# Proof for relation between Uncle and applicant under 489 Family sponsor



## steelrahul (Jun 19, 2014)

Hello ,

I am applying for 489 Visa under family sponsor . 
My maternal uncle will be sponsoring me .
SO how do I prove this while lodging the application and claim the 10points for the sponsorship .

Can anyone please help me .

Thanks,
Rahul


----------



## _shel (Mar 2, 2014)

Your birth certificate showing mothers name. 

Mothers birth certificate showing parents names.

Uncles birth certificate showing parents names. 

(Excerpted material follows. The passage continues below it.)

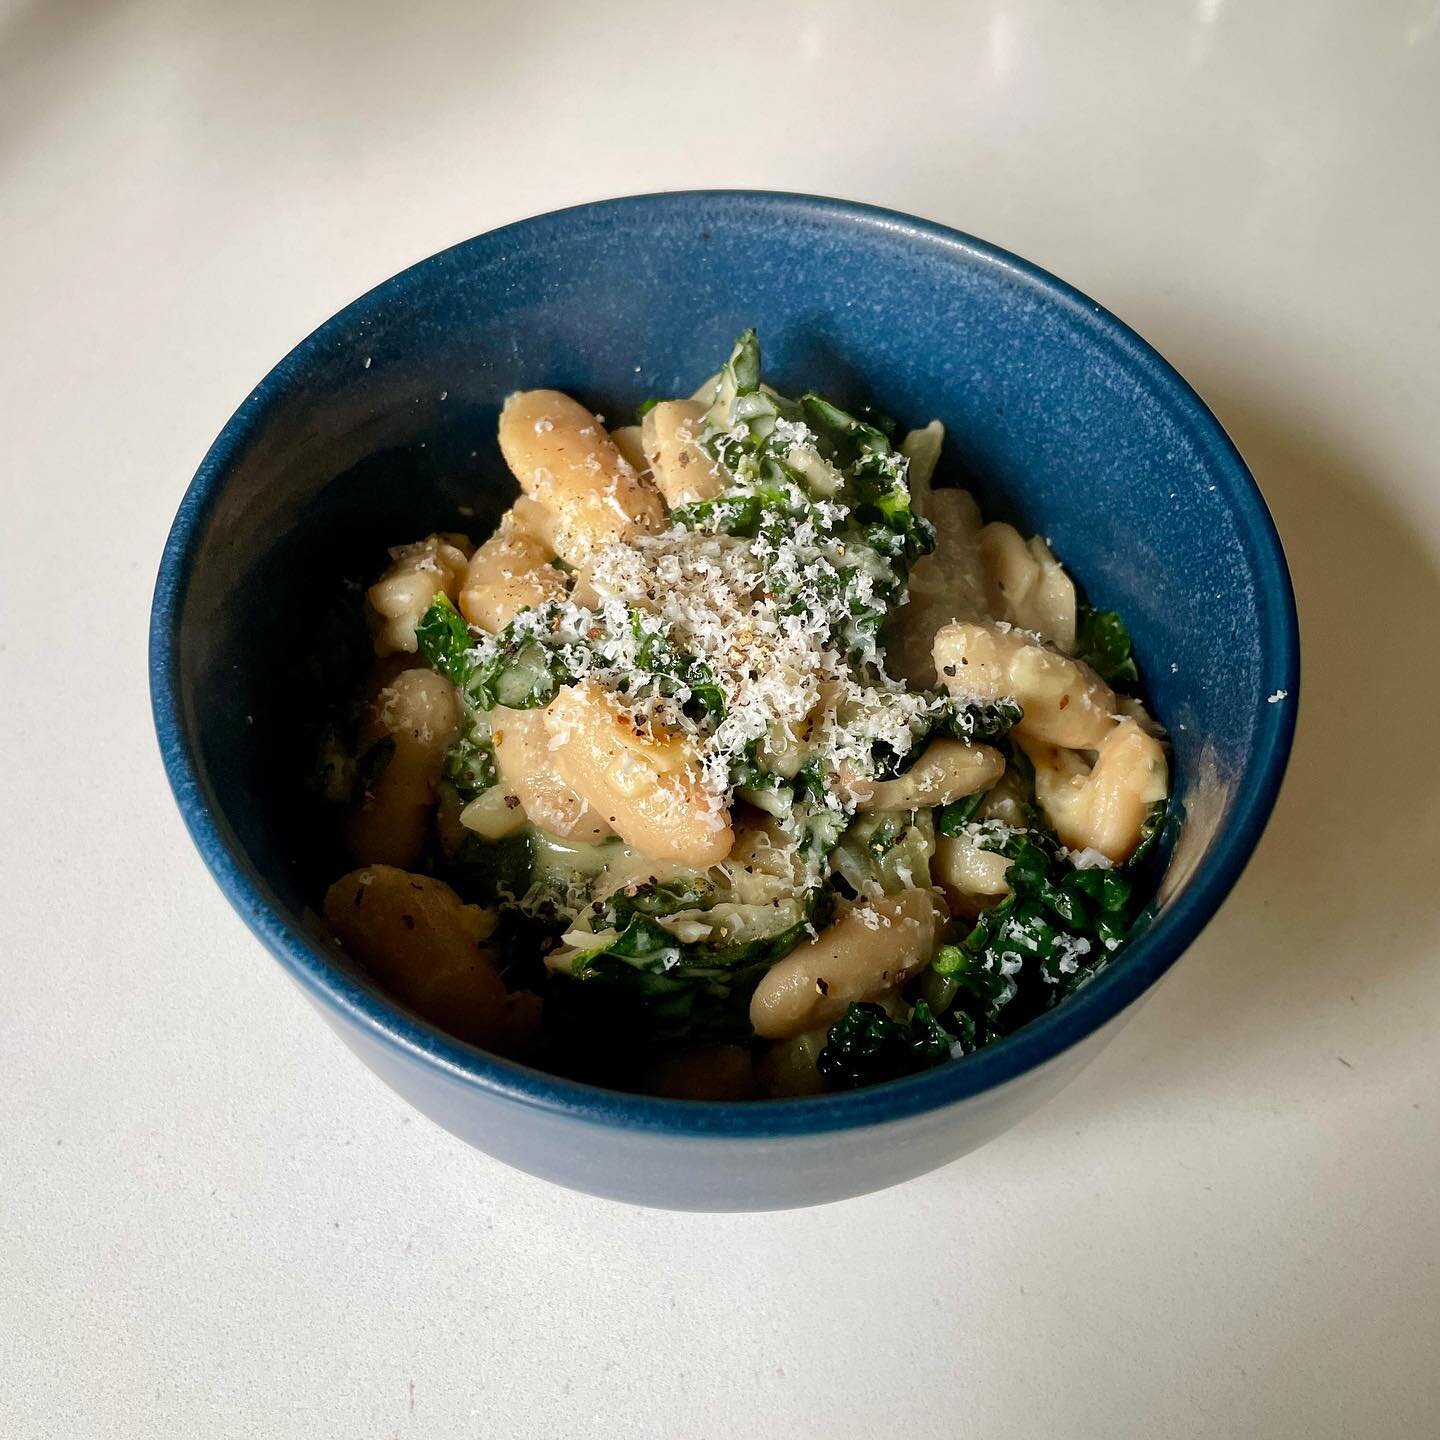 last night&rsquo;s dinner (not very gorgeous but good for a gloomy day)&mdash; creamy miso butter beans with kale. Ended up topping it with parm, chili flakes and scallion (not pictured)

Hand drawn family tree to show connections.


----------



## steelrahul (Jun 19, 2014)

Any other proof other than birth certificate ? Because my mother was born in 1966 and she doesnt have birth certificate


----------



## _shel (Mar 2, 2014)

Not really. You need clear evidence of the relationship between you, that is evidenced by showing he and your mother are related and that your mother is your mother.


----------



## GinjaNINJA (Apr 29, 2014)

10th grade or 12th grade certificates of both your mother and uncle might do which will have fathers name on it or even passport might do which will have both your maternal grandparents name on it on the last page thus proving that your mother and uncle are siblings.


----------



## shrif (Sep 15, 2015)

Hi,

how to make that : Family tree diagram to show your relationship with a sponsor.

is it by hand or what? please help


----------



## ozbound12 (Mar 23, 2012)

shrif said:


> Hi,
> 
> how to make that : Family tree diagram to show your relationship with a sponsor.
> 
> is it by hand or what? please help


You can draw it by hand or using some kind of graphics software like Illustrator or Photoshop or GIMP (free). Or if you don't have any experience doing that, you can use a website like this.

Family Echo - Free Online Family Tree Maker


----------



## shrif (Sep 15, 2015)

ozbound12 said:


> You can draw it by hand or using some kind of graphics software like Illustrator or Photoshop or GIMP (free). Or if you don't have any experience doing that, you can use a website like this.
> 
> Family Echo - Free Online Family Tree Maker



Many thanks dear


----------